[Information provided — start]

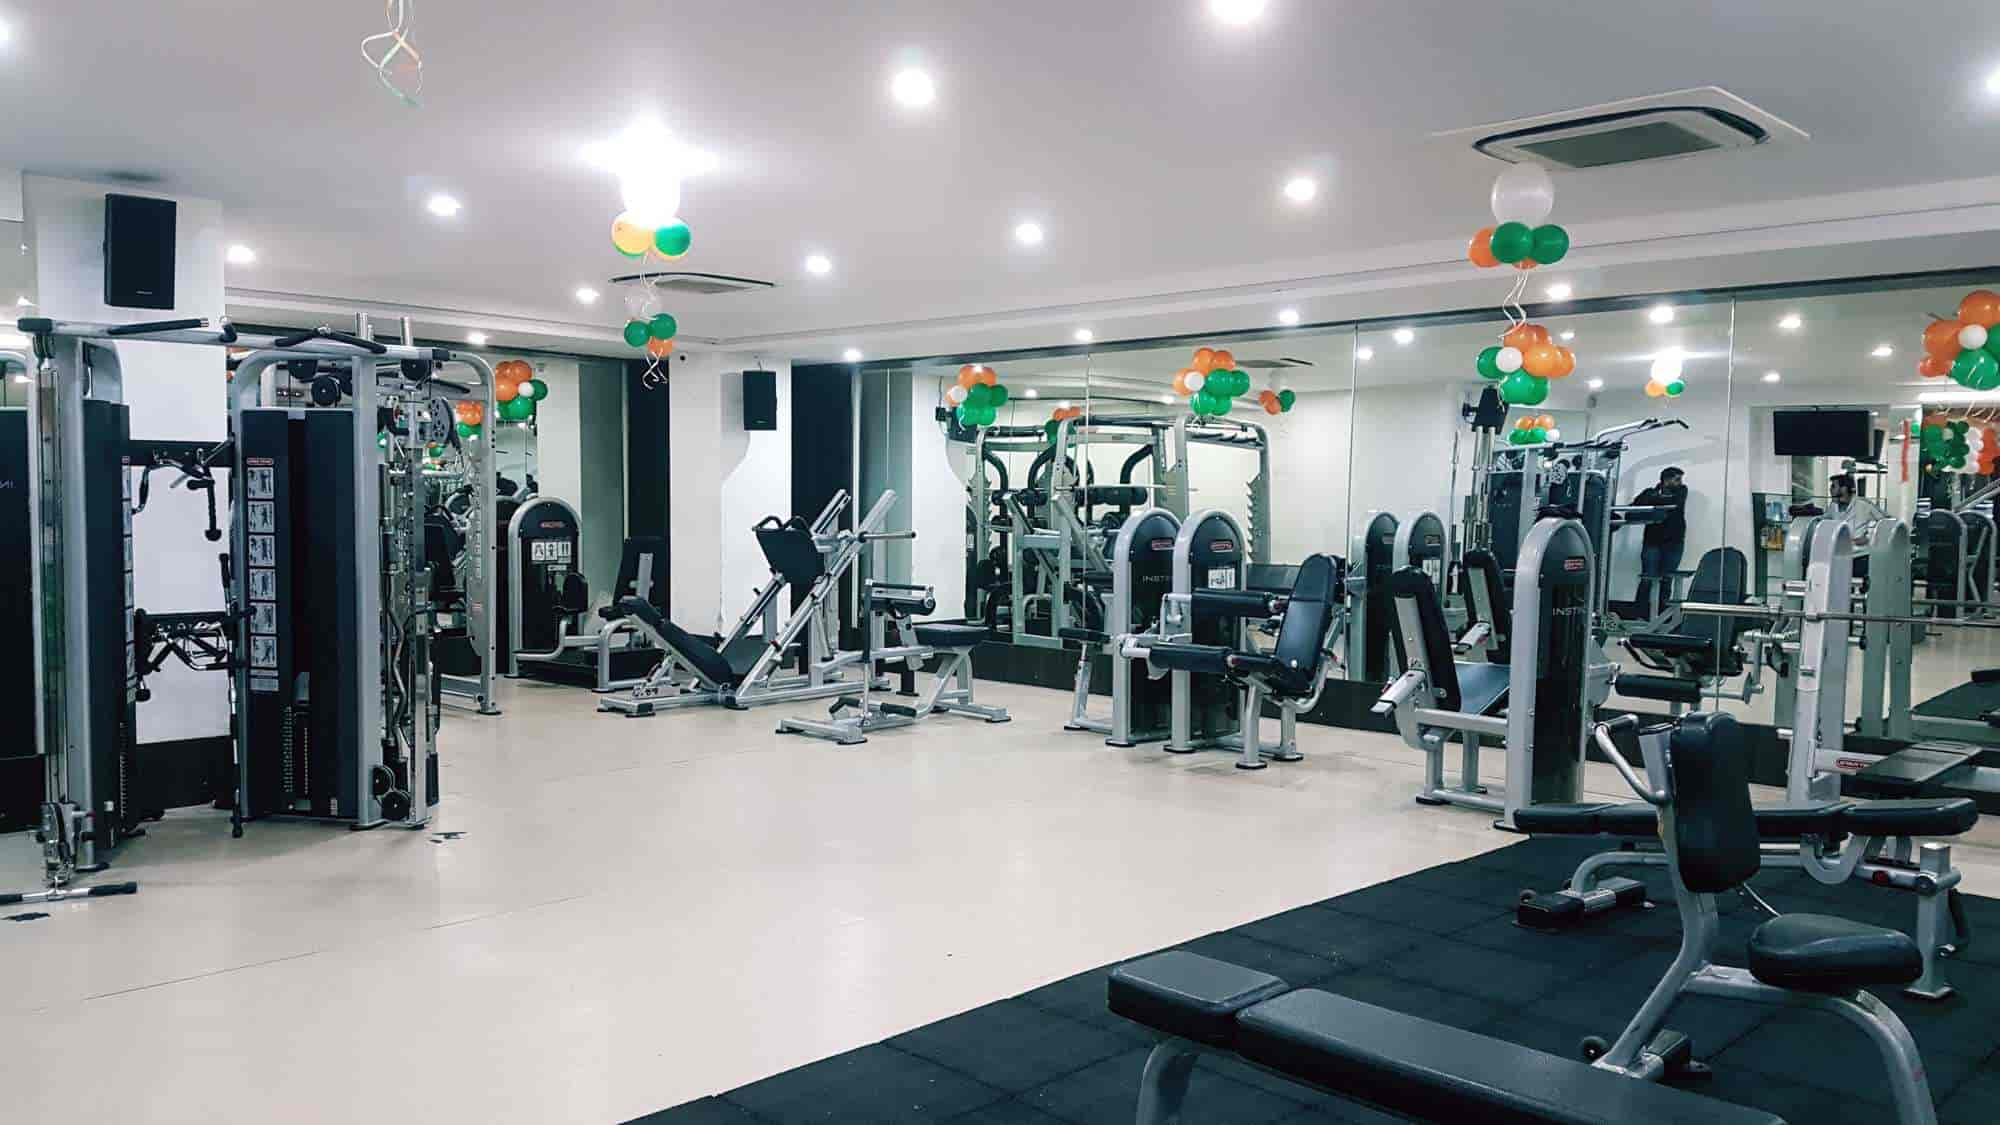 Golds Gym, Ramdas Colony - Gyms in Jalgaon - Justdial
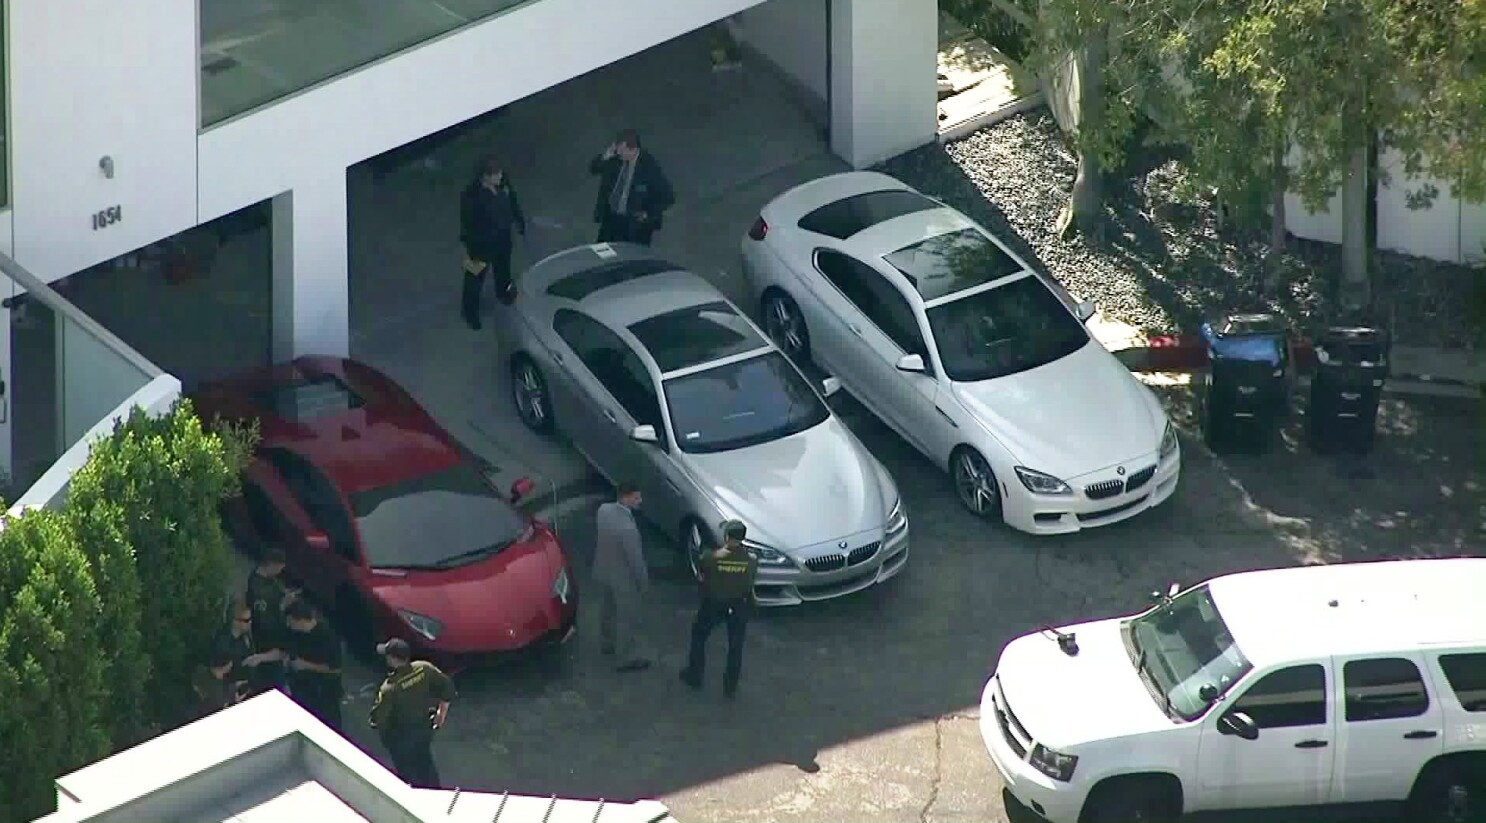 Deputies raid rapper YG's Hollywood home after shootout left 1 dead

[Information provided — finish]
[Information provided — start]

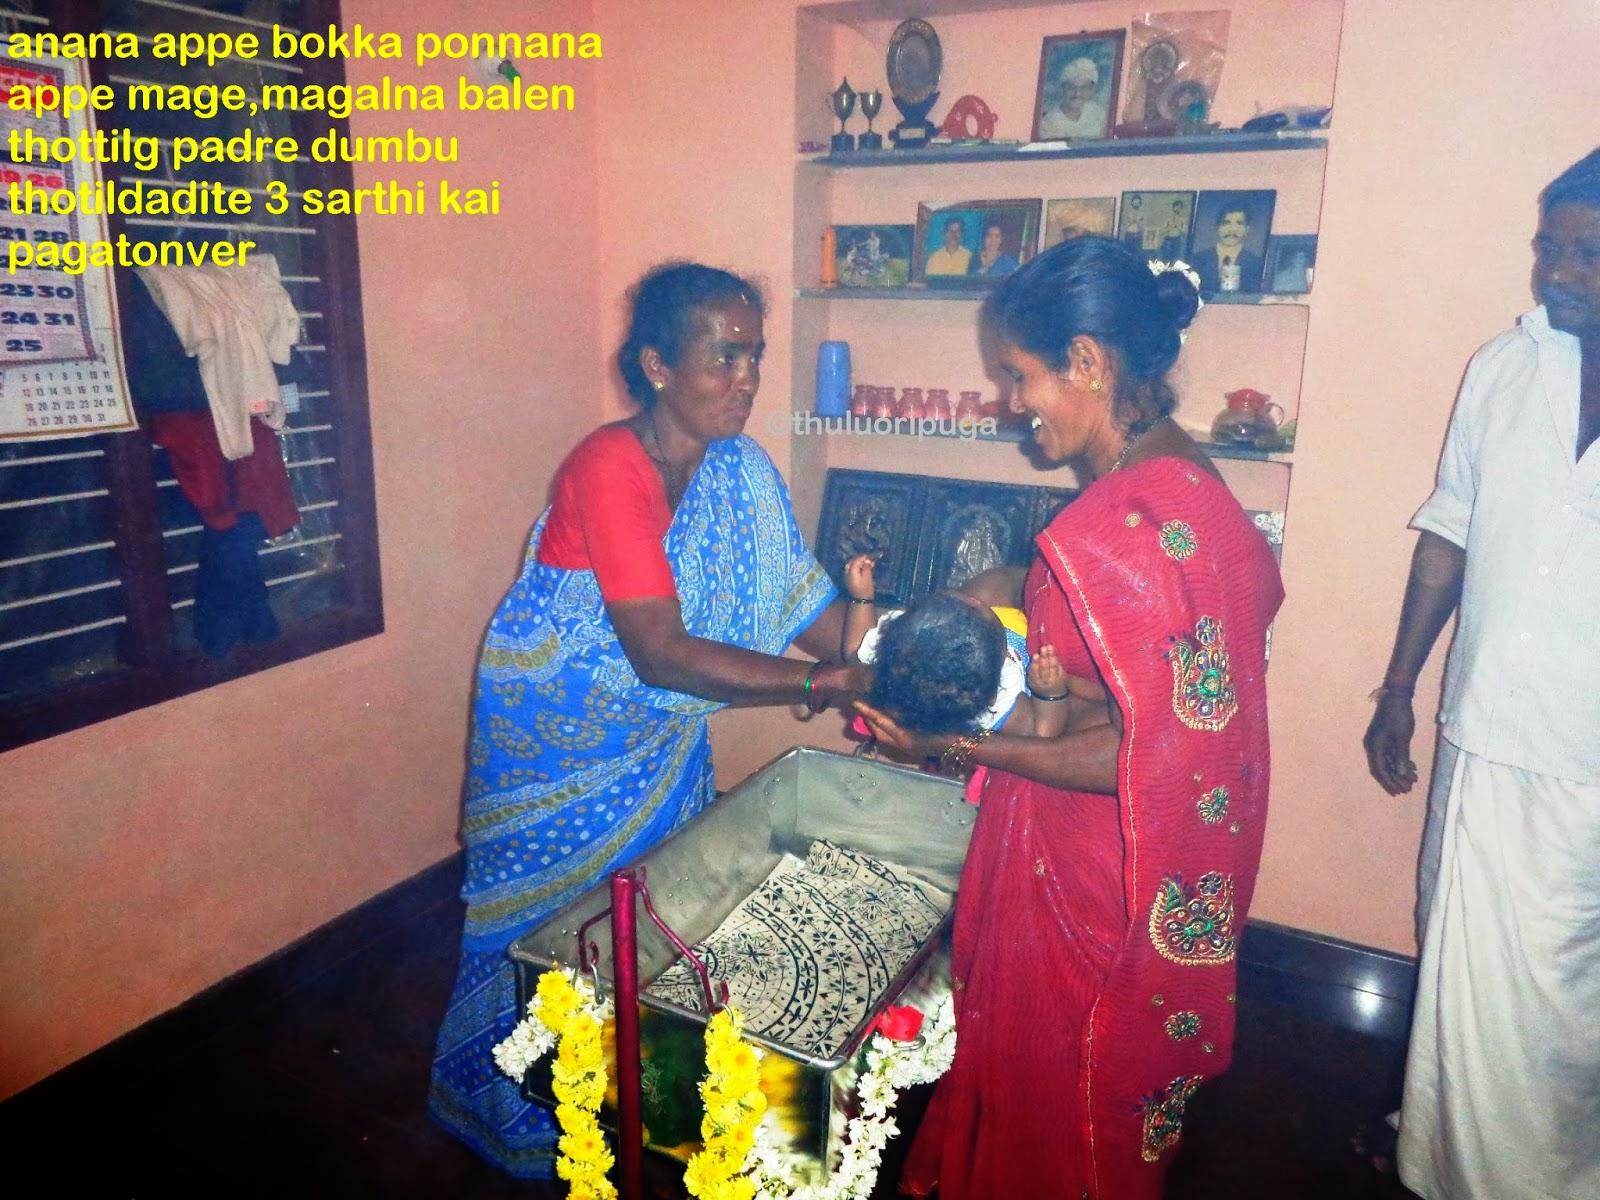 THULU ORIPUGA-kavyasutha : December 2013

[Information provided — finish]

Exercise prompt: Going back to the data above, write out everything from the line with "Golds Gym, Ramdas" down to the line with "Deputies raid rapper", both included, leaving every picture out.

Output below:
 Golds Gym, Ramdas Colony - Gyms in Jalgaon - Justdial
 Deputies raid rapper YG's Hollywood home after shootout left 1 dead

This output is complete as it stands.